▶ _Exercise details_: Only the lines from the one containing "papier-photo-restauration-restaurarte-art.jpg" through the end of the data are wanted, reproduced exactly and without pictures.
───── Data shown ─────
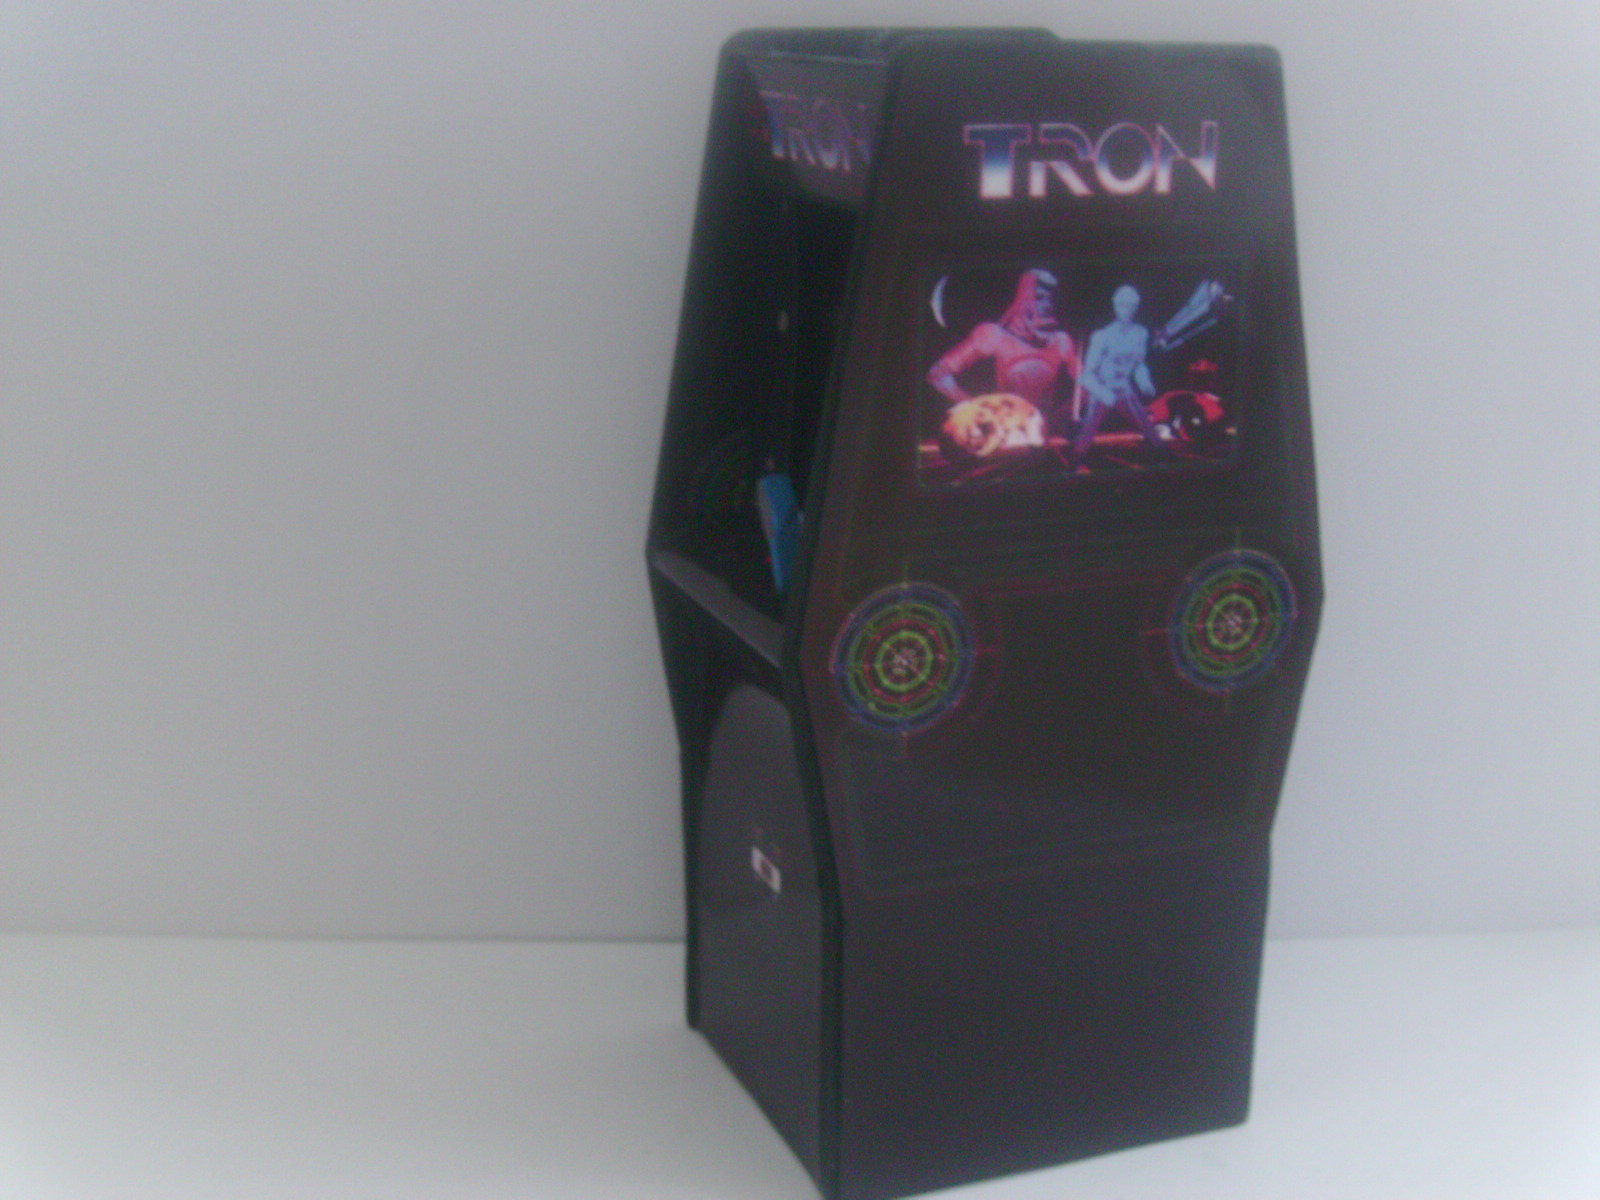 Retro Heart Tron Custom Scale Arcade Model
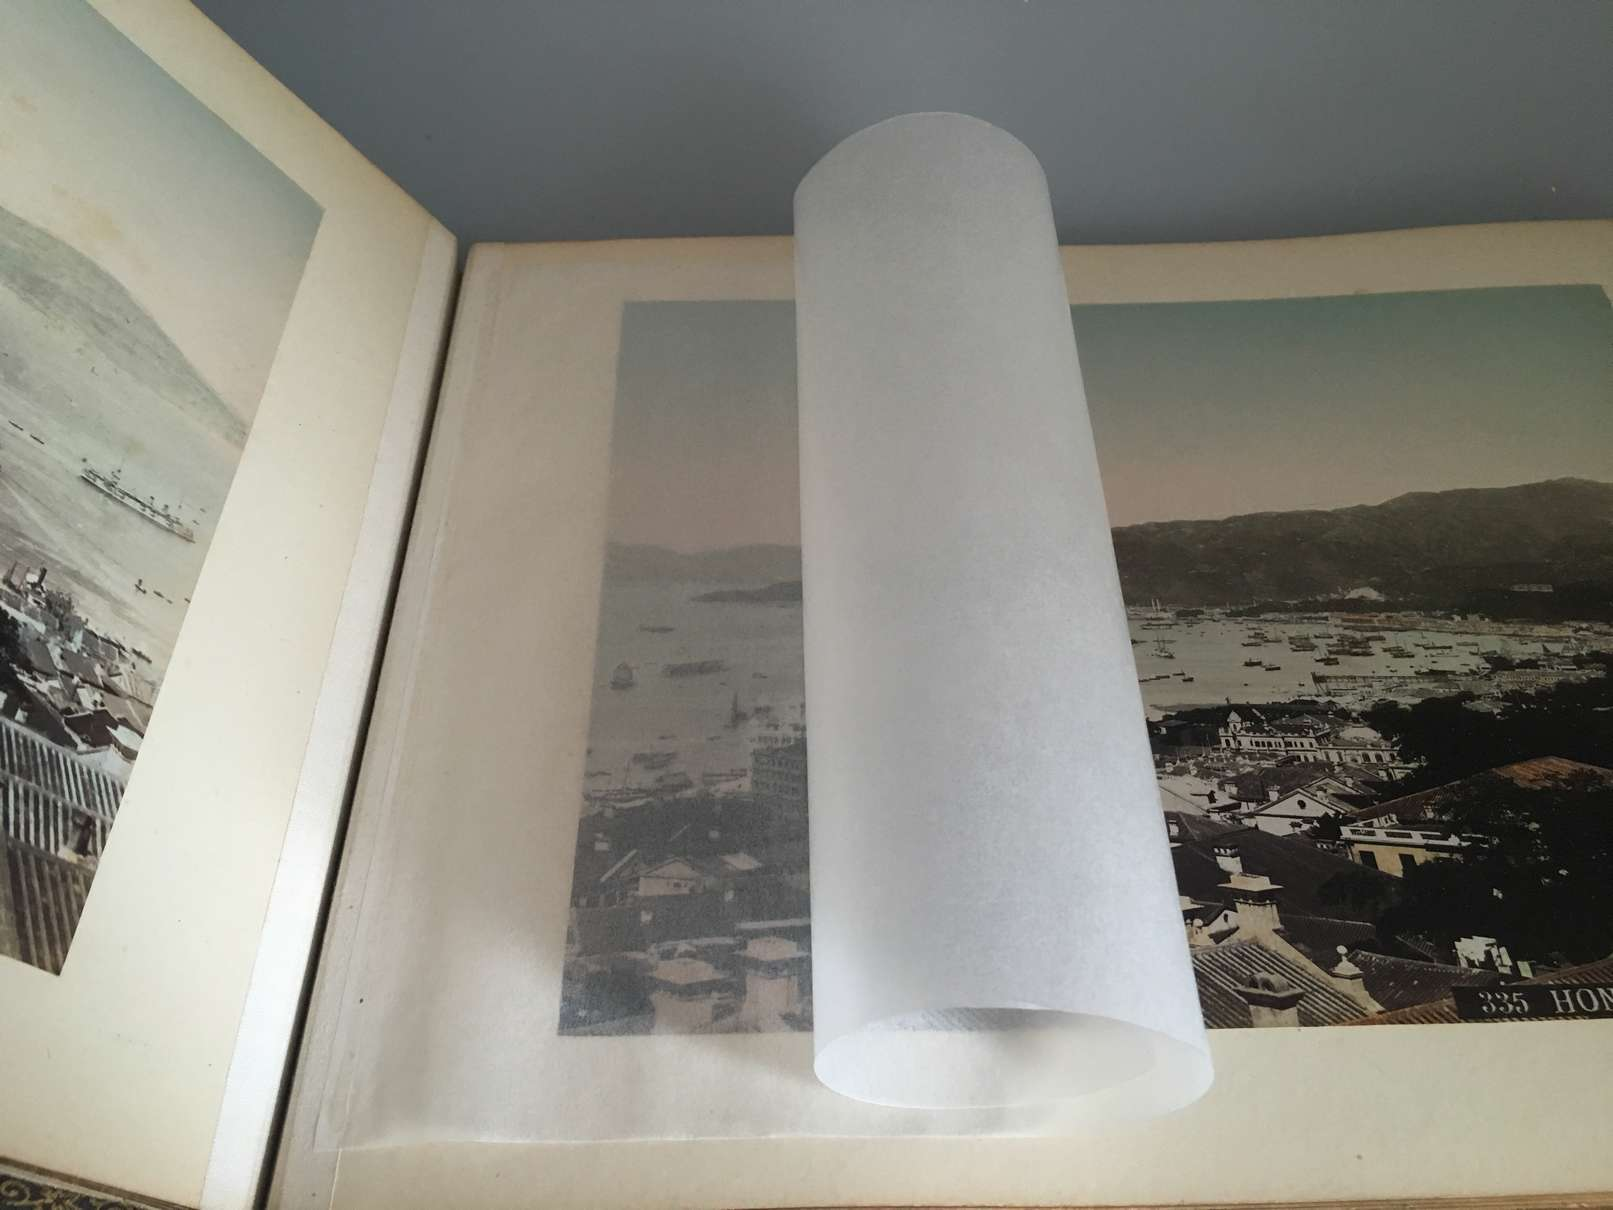 papier-photo-restauration-restaurarte-art.jpg
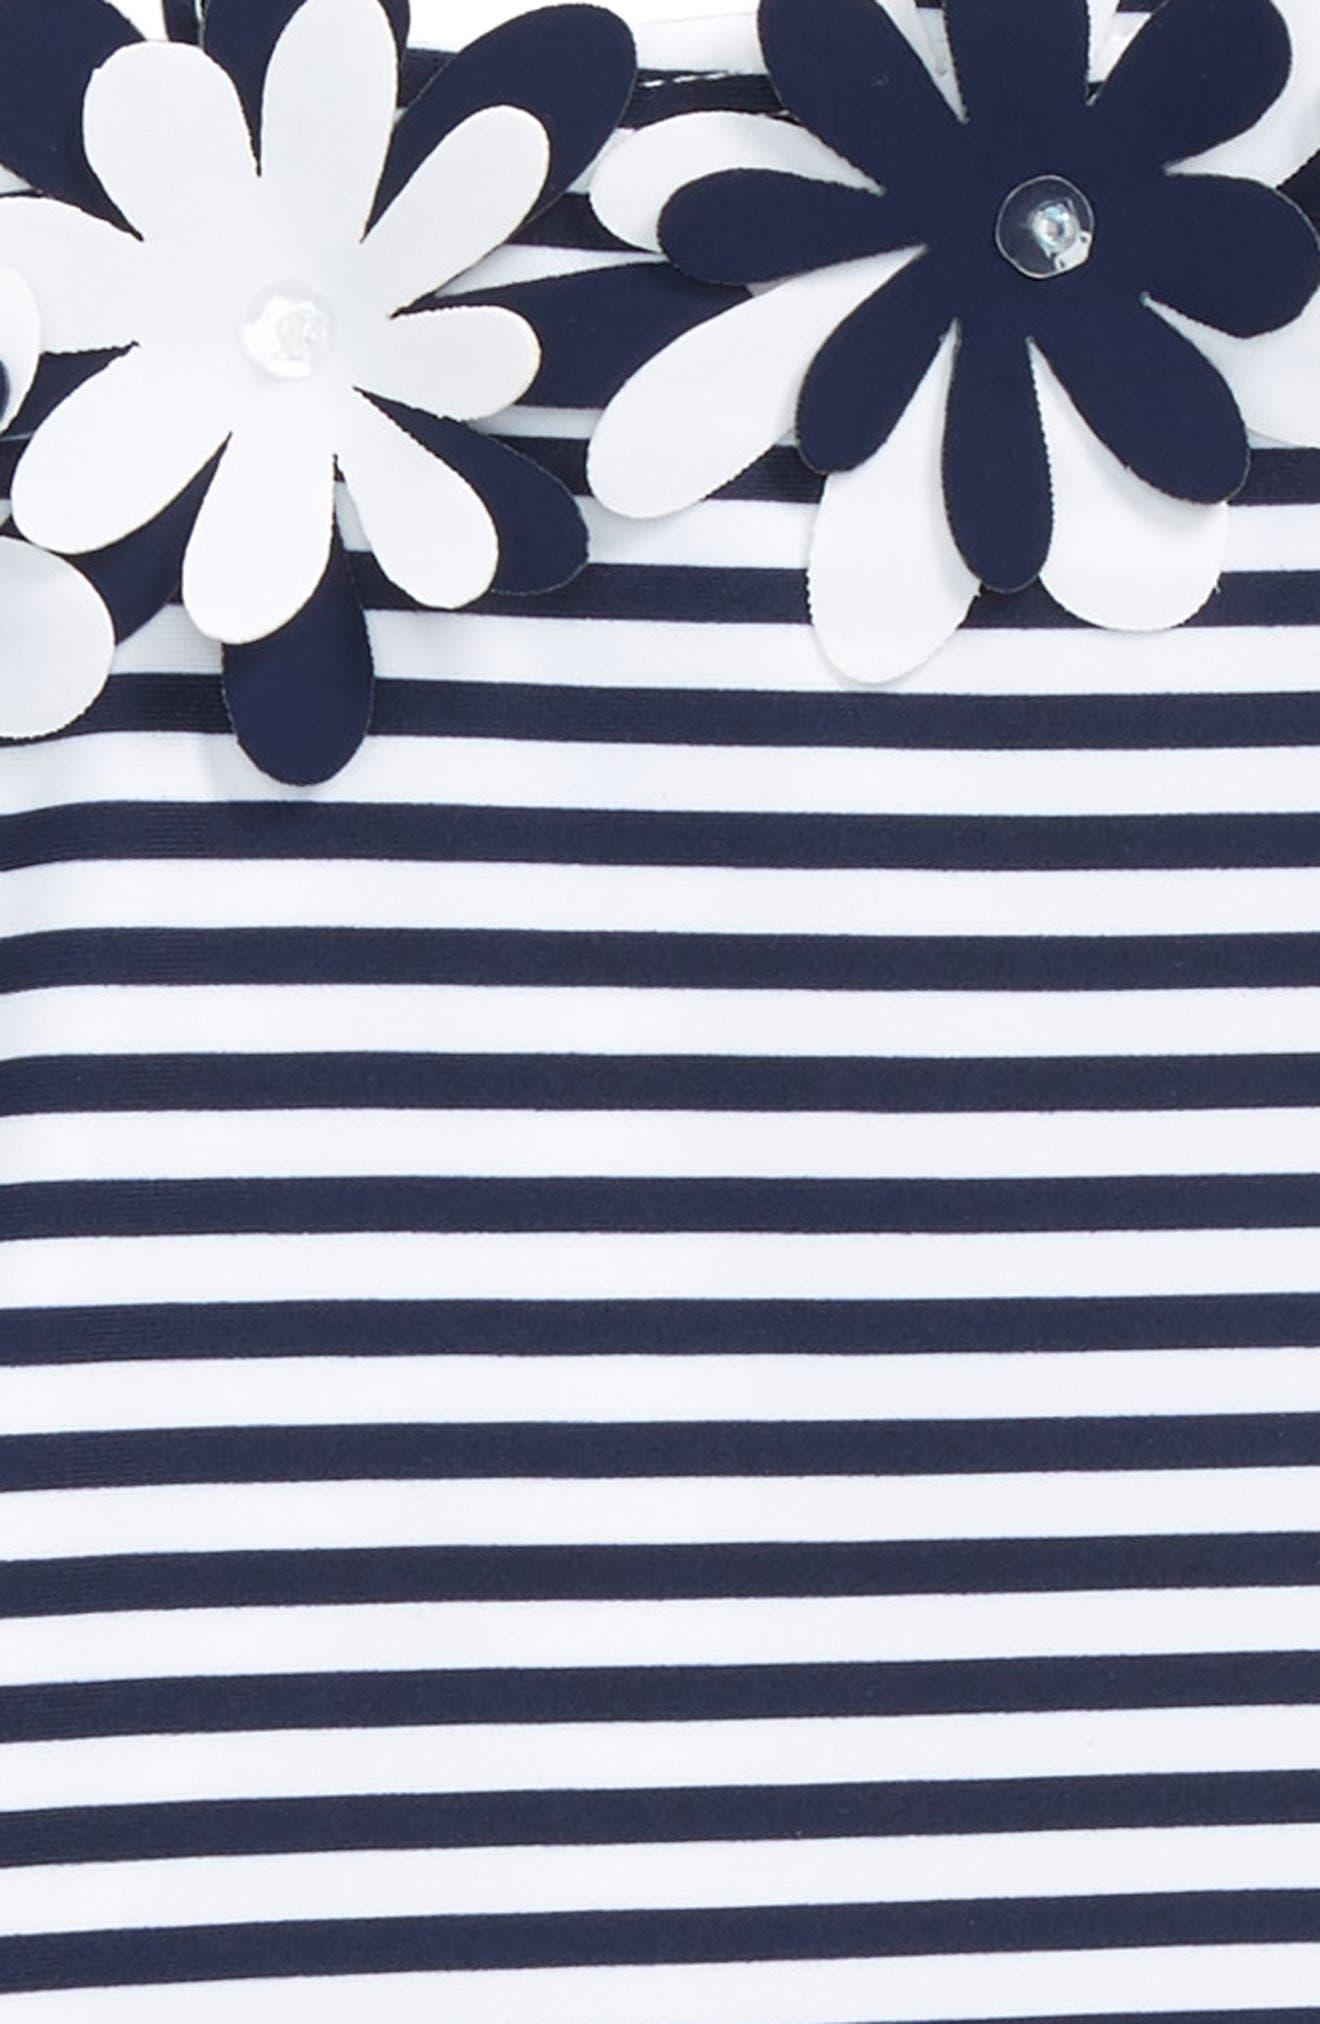 Stripe One-Piece Swimsuit,                             Alternate thumbnail 2, color,                             101
─────
▶ _Finished exercise_:
 papier-photo-restauration-restaurarte-art.jpg
 Stripe One-Piece Swimsuit,                             Alternate thumbnail 2, color,                             101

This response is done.